▸ Recorded data
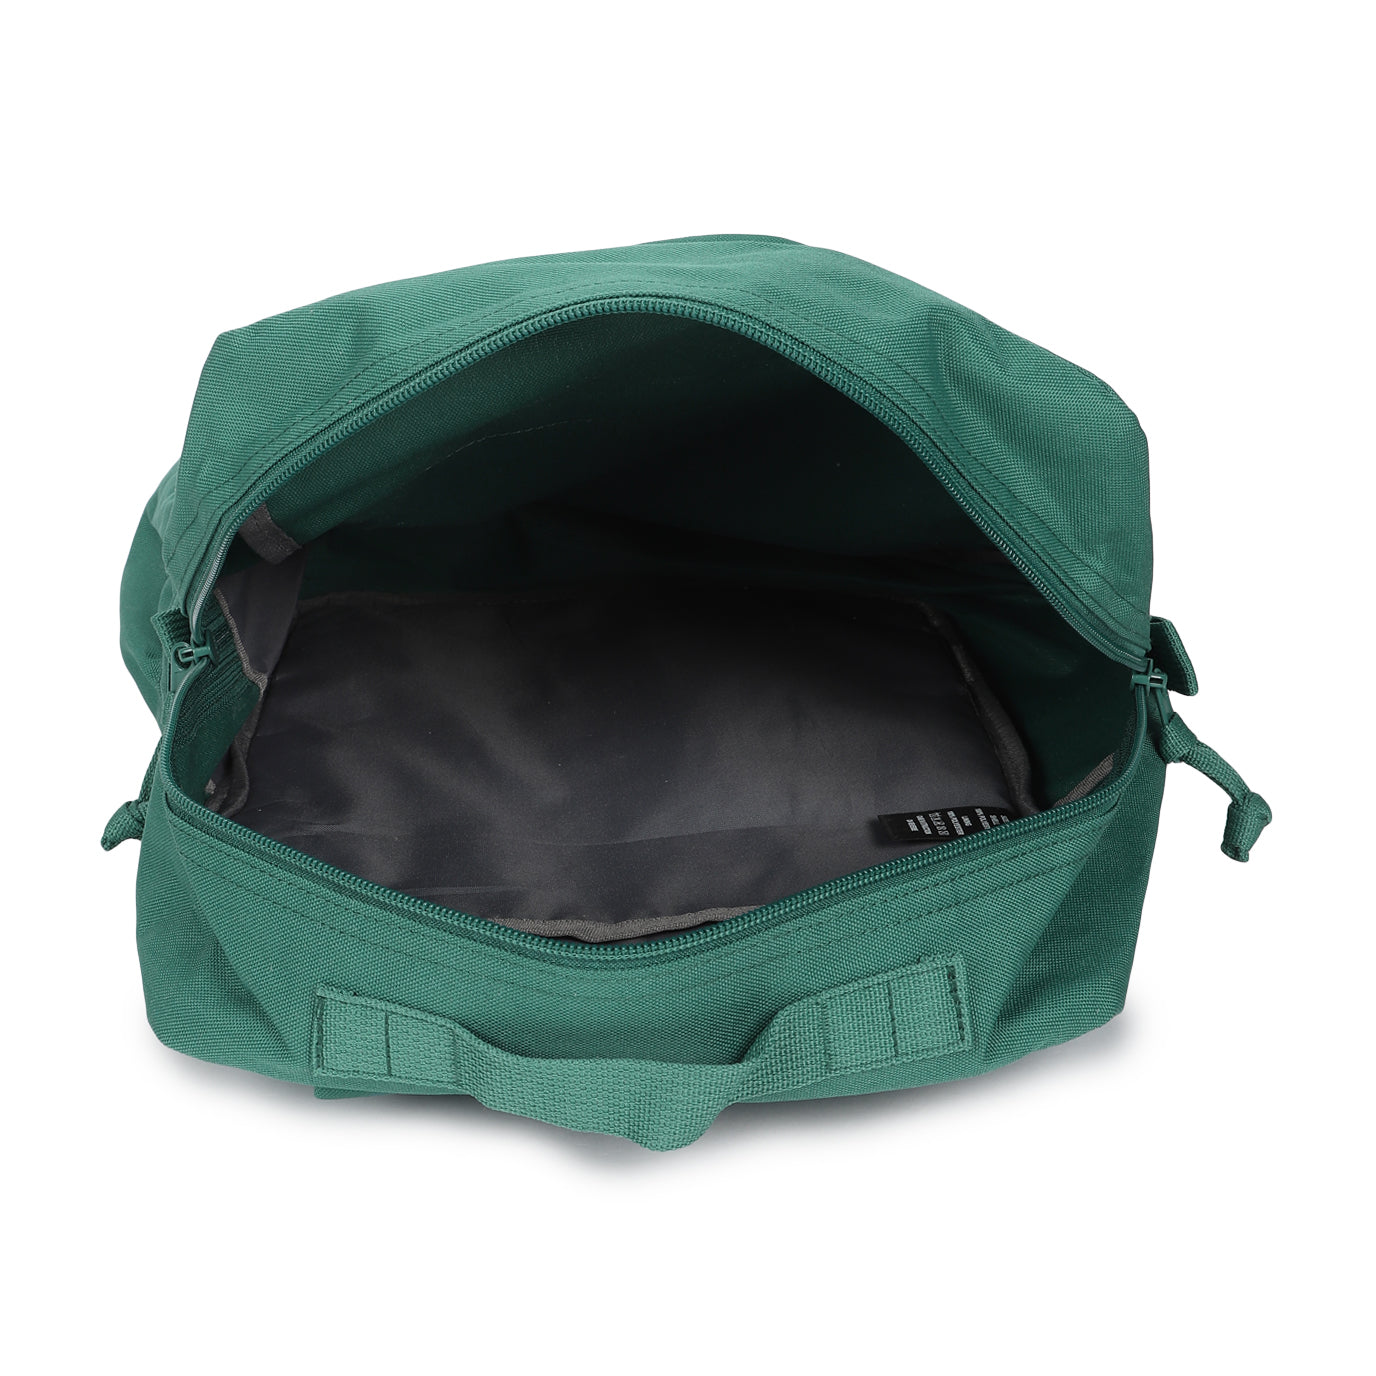 Men's Green Solid Backpack
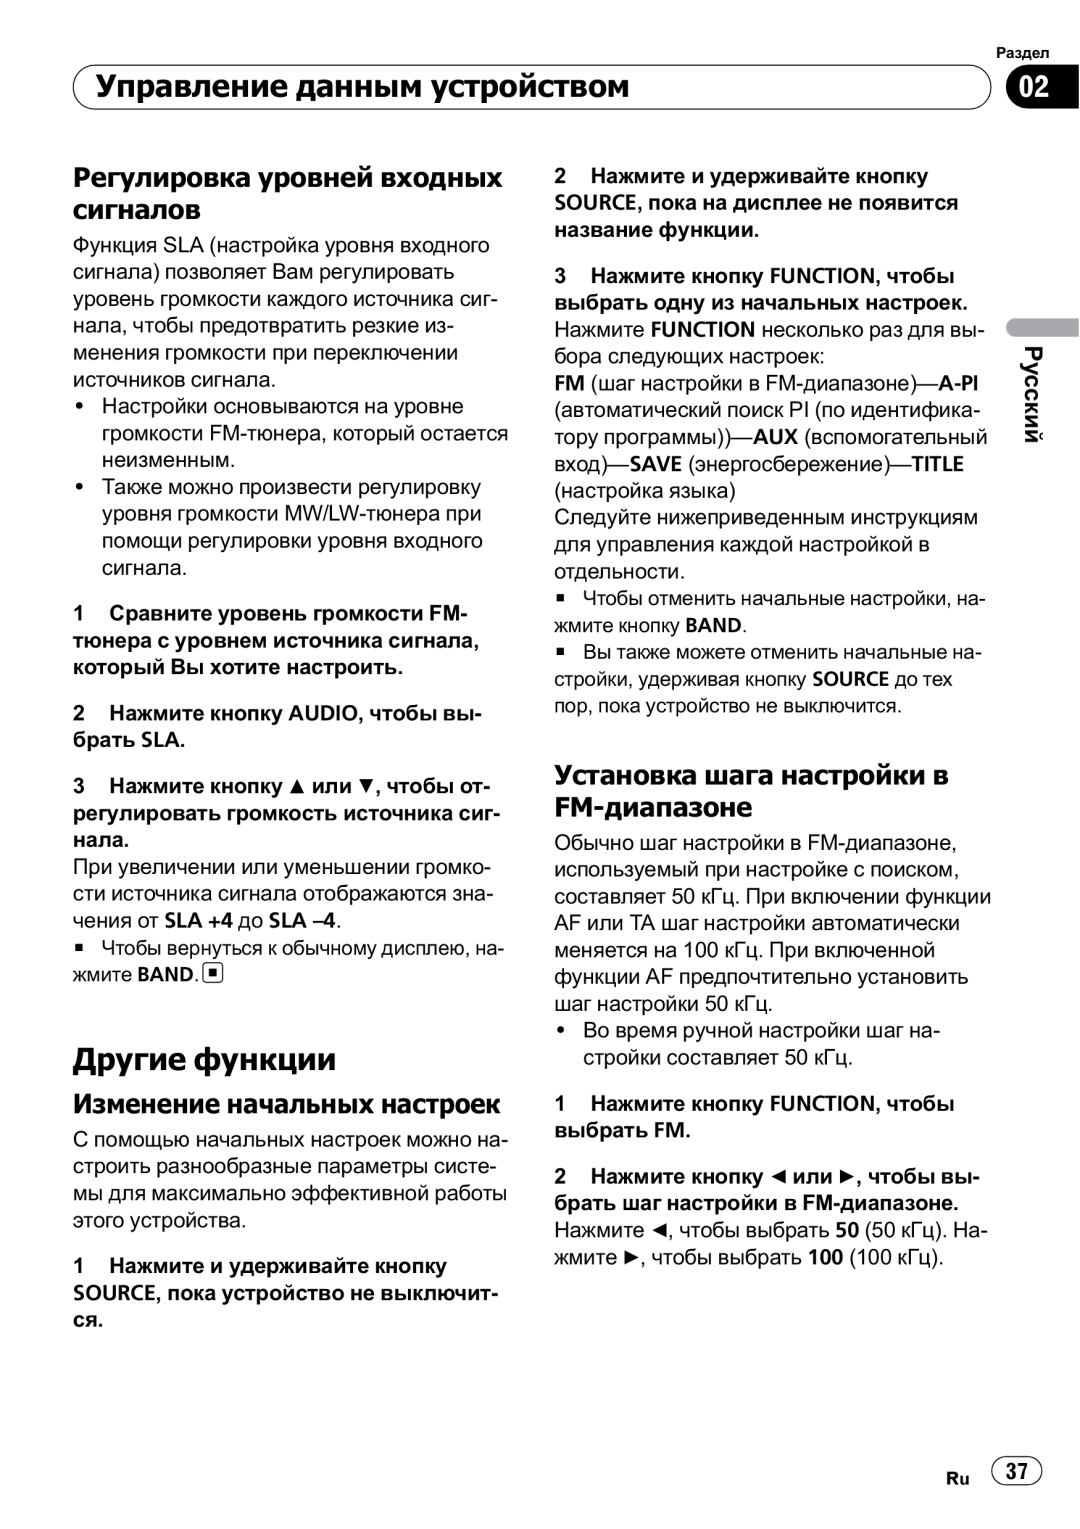 Pioneer DEH-200MP owner manual Другие функции, Регулировка уровней входных сигналов, Изменение начальных настроек, Русский 
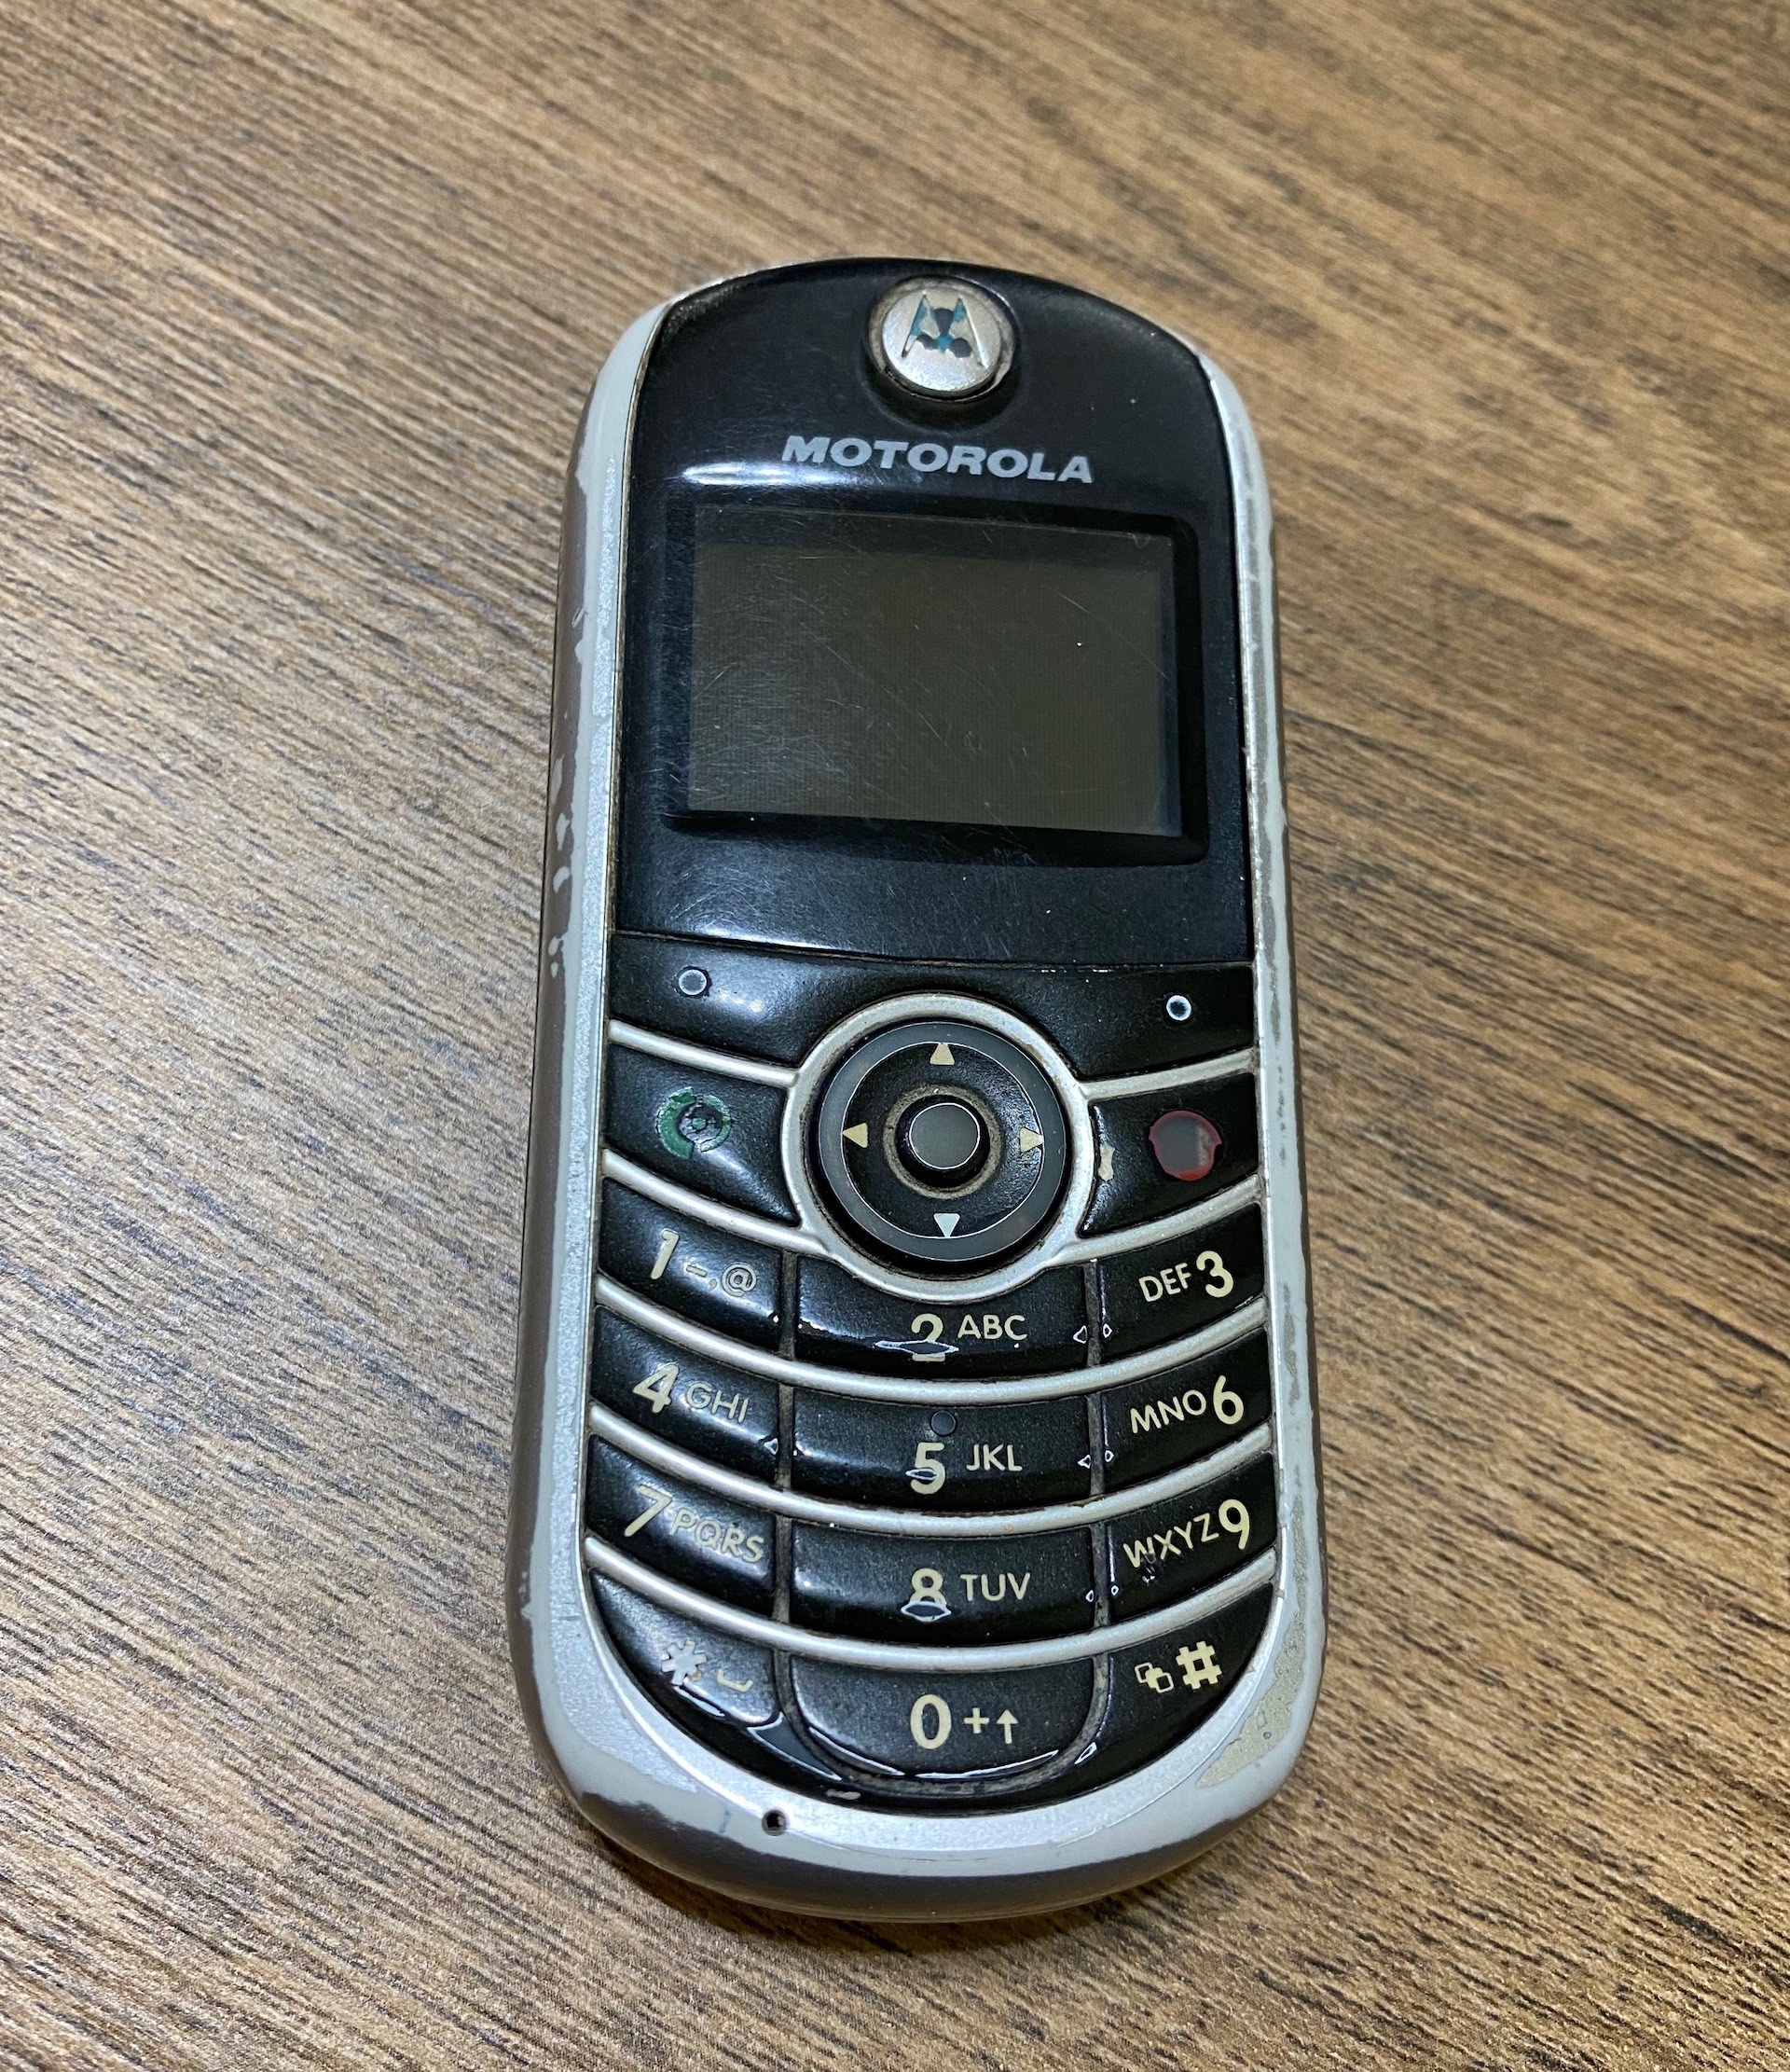 Motorola mobile phone

▸ Problem to solve
With every picture left out, print exactly the lines from the one containing "Pioneer DEH-200MP owner" through the final line of the material above.

▸ Exercise output
 Pioneer DEH-200MP owner manual Другие функции, Регулировка уровней входных сигналов, Изменение начальных настроек, Русский 
 Motorola mobile phone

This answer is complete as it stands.